Basically, in the first version of py-feat (before we added the detection module), the idea was to have a standard to import all of the different software packages. This resulted in separate ways to load data files from openface, facet, etc., which is why we force users to pass in different column names to initialize a fex object.

Now that we've added the detector module and have started to move away from our initial idea of importing data from different packages, I think we could be a bit more strict in initializing a Fex object, which would make this a lot easier and also more similar to our other data representations in nltools (Brain_Data, Adjacency, etc).

I'm leaning towards the latter option, but wanted your input before I proceed.

ejolly commented 4 months ago

@ljchang Can you give me a little more context for what situation you're trying to caste a data-frame to a Fex object (as opposed to just using the Fex created by a Detector)?

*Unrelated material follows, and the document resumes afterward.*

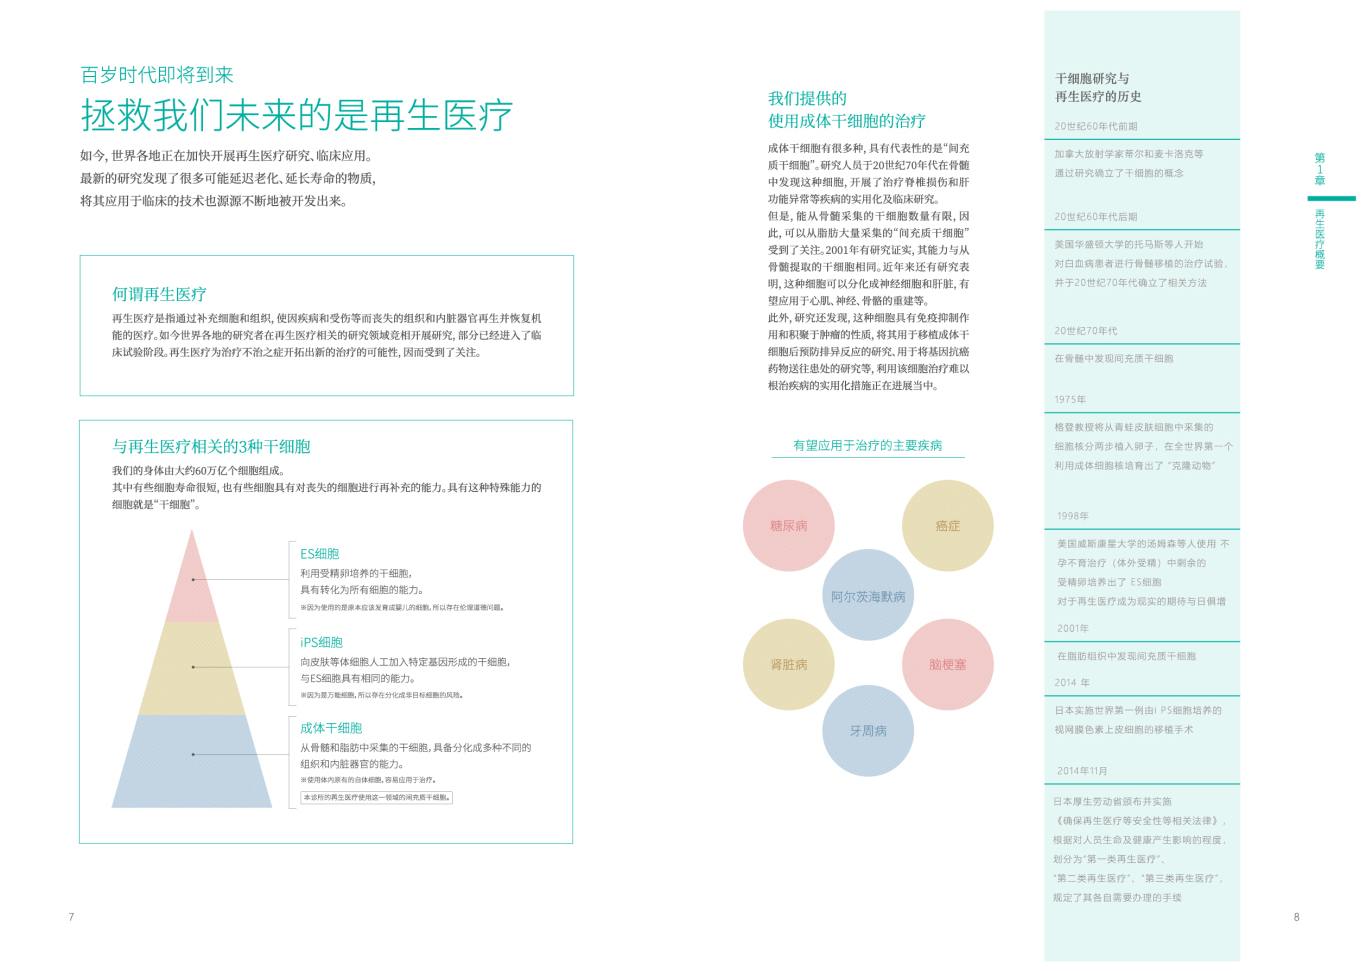 東南健康企业宣传册图2
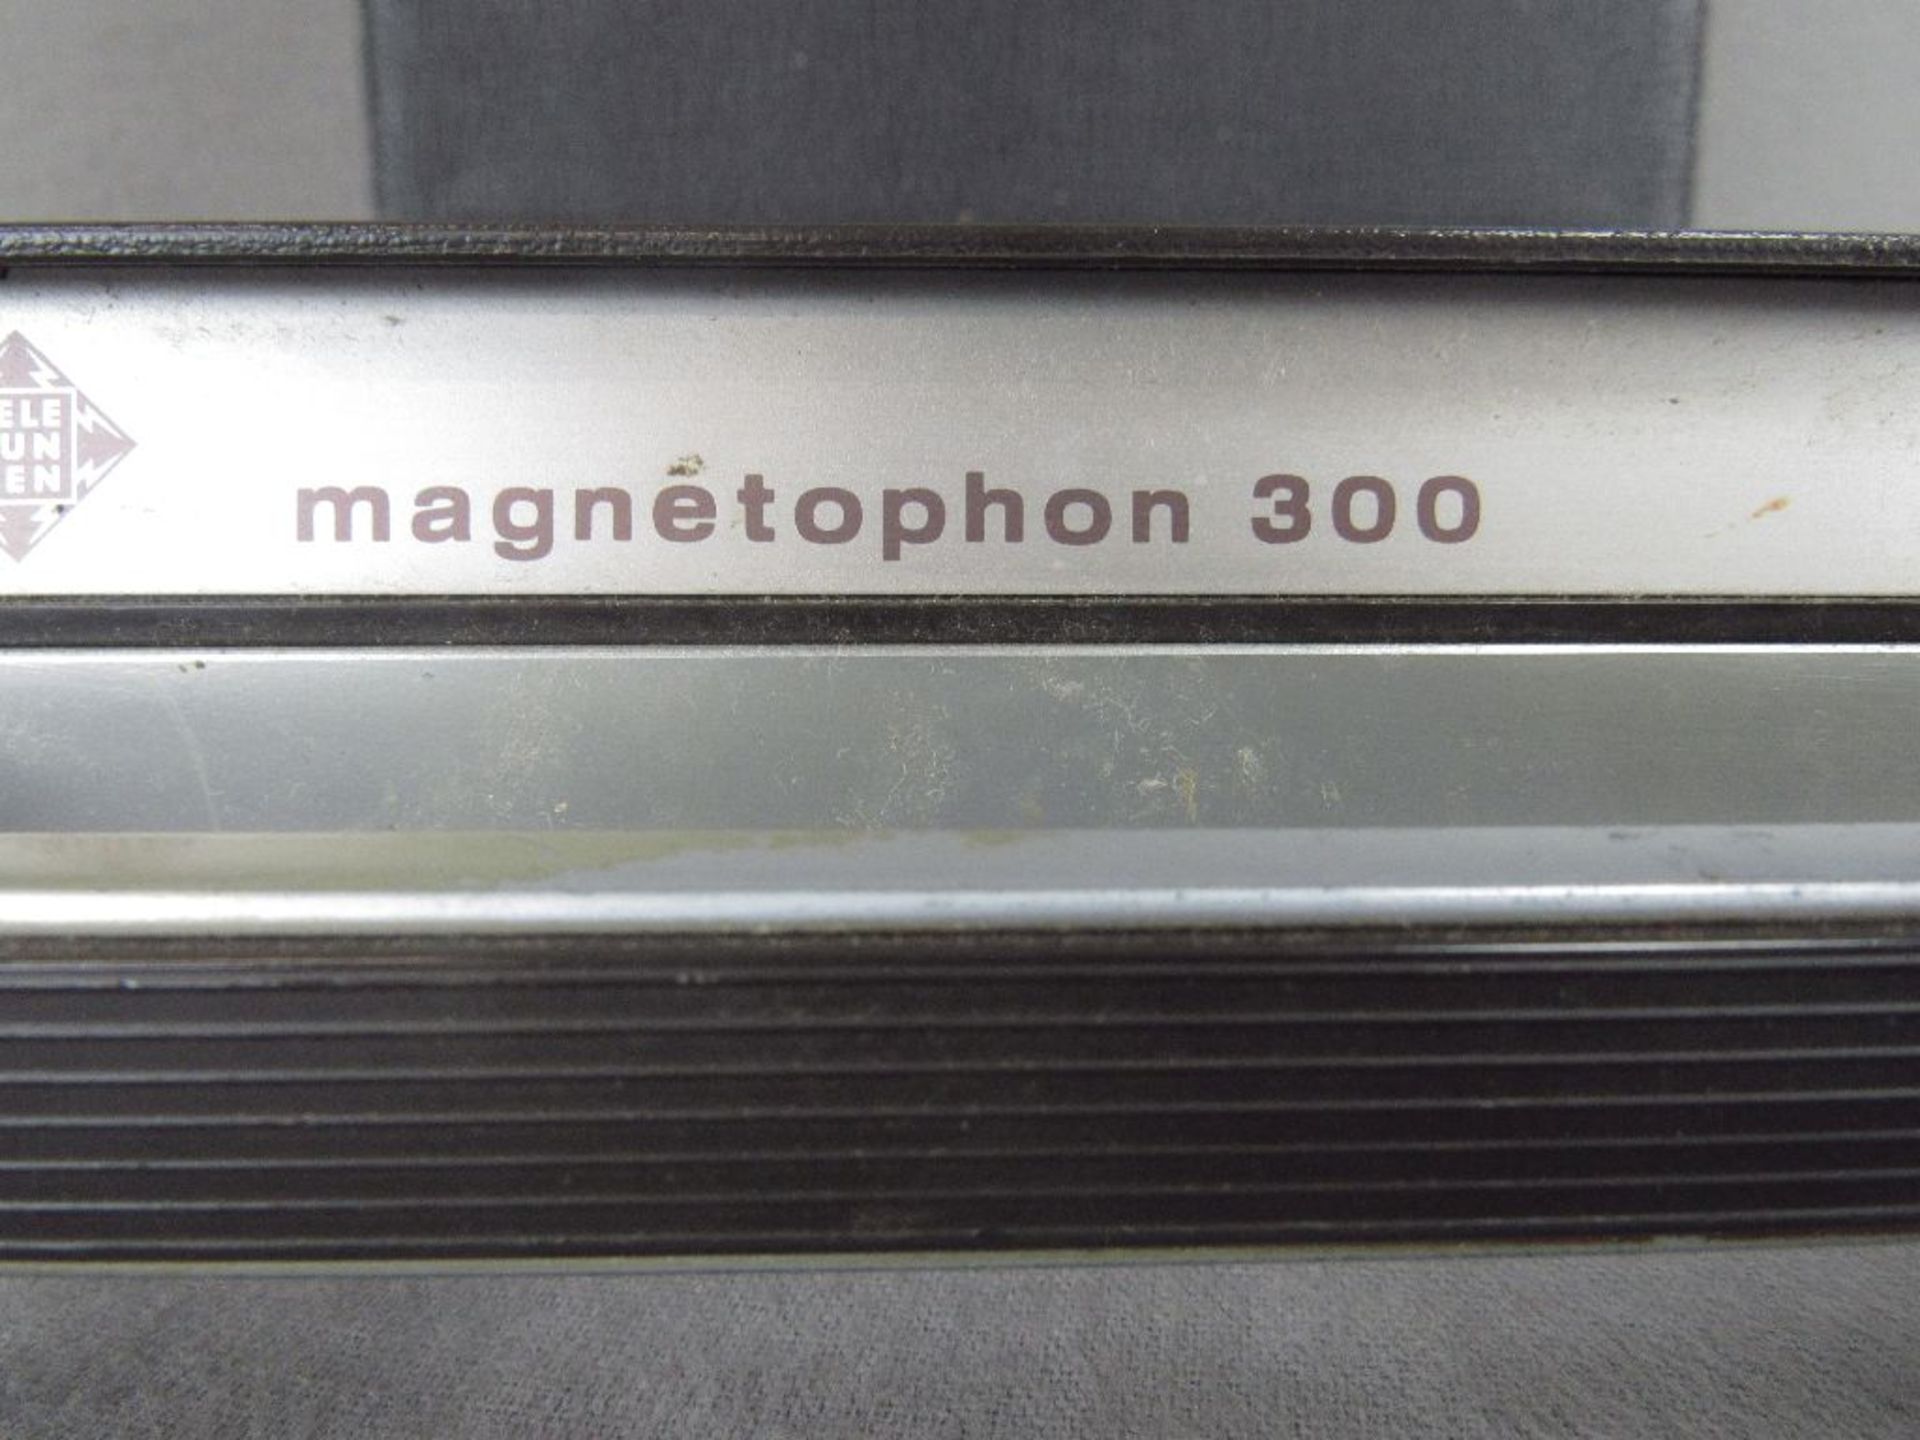 Vintage 70er Jahre mobiles telefunken Tonbandgerät Magnetofon 300 - Image 5 of 6

I'm inclined to agree with your take about being stricter given the changes to py-feat. But at the same time this strikes me as a "code-smell" i.e. an anti-pattern that we shouldn't be letting users get into in the first place. Can we make a change to avoid giving people the intuition, that converting a data-frame to a Fex object is good practice?

ljchang commented 4 months ago

Well the main use case, which is very common is loading a file of previously dectected images/movies. Currently, it does not automatically import all of the Fex properties by default.

There is an undocumented read_feat() method on a Fex object, which is clunky, plus it doesn't work correctly.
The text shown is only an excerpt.